Sementara itu, di Istana Kepresidenan Bogor, Jawa Barat, Presiden Joko Widodo menyampaikan, pemerintah telah menerbitkan peraturan perihal keringanan pembayaran kredit di bawah Rp 10 miliar bagi pekerja informal, baik pengemudi ojek daring, sopir taksi, pelaku UMKM, maupun nelayan dengan penghasilan harian. ”Dalam hal ini OJK (Otoritas Jasa Keuangan) telah menerbitkan aturan mengenai hal tersebut dan mulai berlaku bulan April ini,” jelasnya.
Lebih lanjut Presiden mengatakan telah ditetapkan pula prosedur pengajuan keringanan pelunasan kredit tersebut. Untuk mengajukannya tidak perlu datang ke bank atau perusahaan leasing, tetapi cukup melalui surat elektronik atau e-mail dan bisa juga melalui aplikasi percakapan Whatsapp.
Aktif memantau
Dihubungi secara terpisah, Juru Bicara Otoritas Jasa Keuangan Sekar Putih Djarot mengatakan, peraturan dari OJK untuk bank maupun leasing sudah mulai berlaku. Oleh sebab itu, ia mengimbau agar debitor yang terkena dampak ekonomi akibat Covid-19 segera mengajukan keringanan pembayaran cicilan.
”Para debitor ini terdiri dari pelaku UMKM, pekerja informal, ojek online, pekerja informal, pekerja berpenghasilan harian, dan nelayan dengan nilai kredit di bawah Rp 10 miliar. Kemampuan mereka membayar cicilan sedang terpengaruh karena merebaknya Covid-19,” ujarnya.
Skema atau jangka waktu pembayaran cicilan ini akan sangat bergantung pada penilaian bank terhadap kemampuan membayar setiap debitor.

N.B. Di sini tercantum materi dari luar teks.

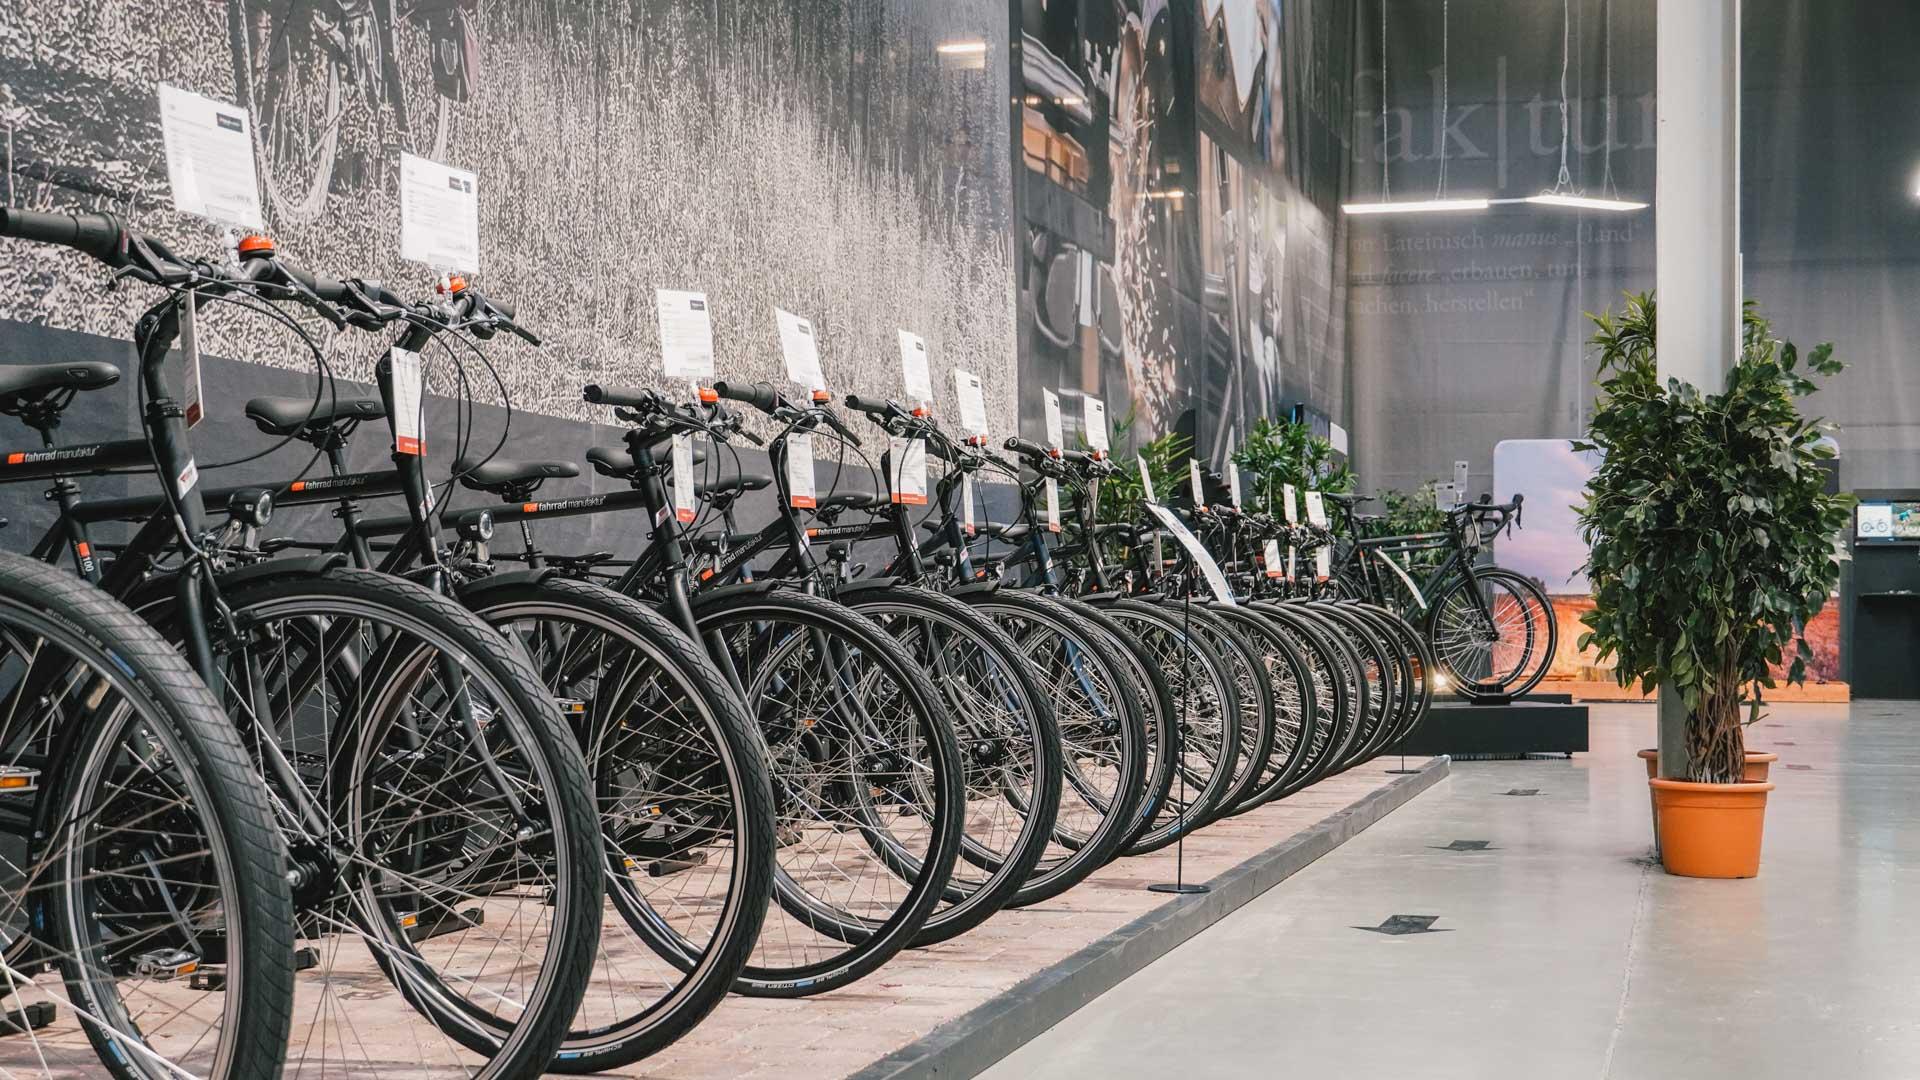 Fahrräder iin einer Reihe

Sekar menjelaskan, para debitor harus aktif memantau dan mencari informasi resmi dari pihak bank maupun leasing terkait mekanisme pengajuan keringanan pembayaran kredit ini. Untuk mengajukan permohonan tersebut, debitor tidak perlu datang langsung ke bank maupun leasing, tetapi bisa melalui situs web, saluran komunikasi daring, atau pusat informasi resmi bank maupun leasing tersebut.

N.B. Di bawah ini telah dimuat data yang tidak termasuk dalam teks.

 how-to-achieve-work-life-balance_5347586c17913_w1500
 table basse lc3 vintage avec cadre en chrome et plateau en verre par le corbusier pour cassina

”Setelah debitor mengajukan permohonan restrukturisasi ke bank maupun leasing, nantinya pihak bank maupun leasing akan melakukan penilaian apakah debitor itu betul-betul terkena dampak langsung wabah Covid-19. Setelah itu, pihak bank maupun leasing akan berdiskusi dengan pihak debitor terkait keringanan apa yang akan disepakati,” ucapnya.
Sekar mengatakan, keringanan pembayaran cicilan ini juga dipengaruhi oleh profil debitor yang selama ini tepat waktu atau tidak ketika membayar cicilan. Bentuk keringanan pembayaran cicilan beragam, seperti penyesuaian pembayaran cicilan pokok atau bunga dan perpanjangan waktu pembayaran dengan jangka waktu maksimal hingga satu tahun.
”Skema atau jangka waktu pembayaran cicilan ini akan sangat bergantung pada penilaian bank terhadap kemampuan membayar setiap debitor,” katanya.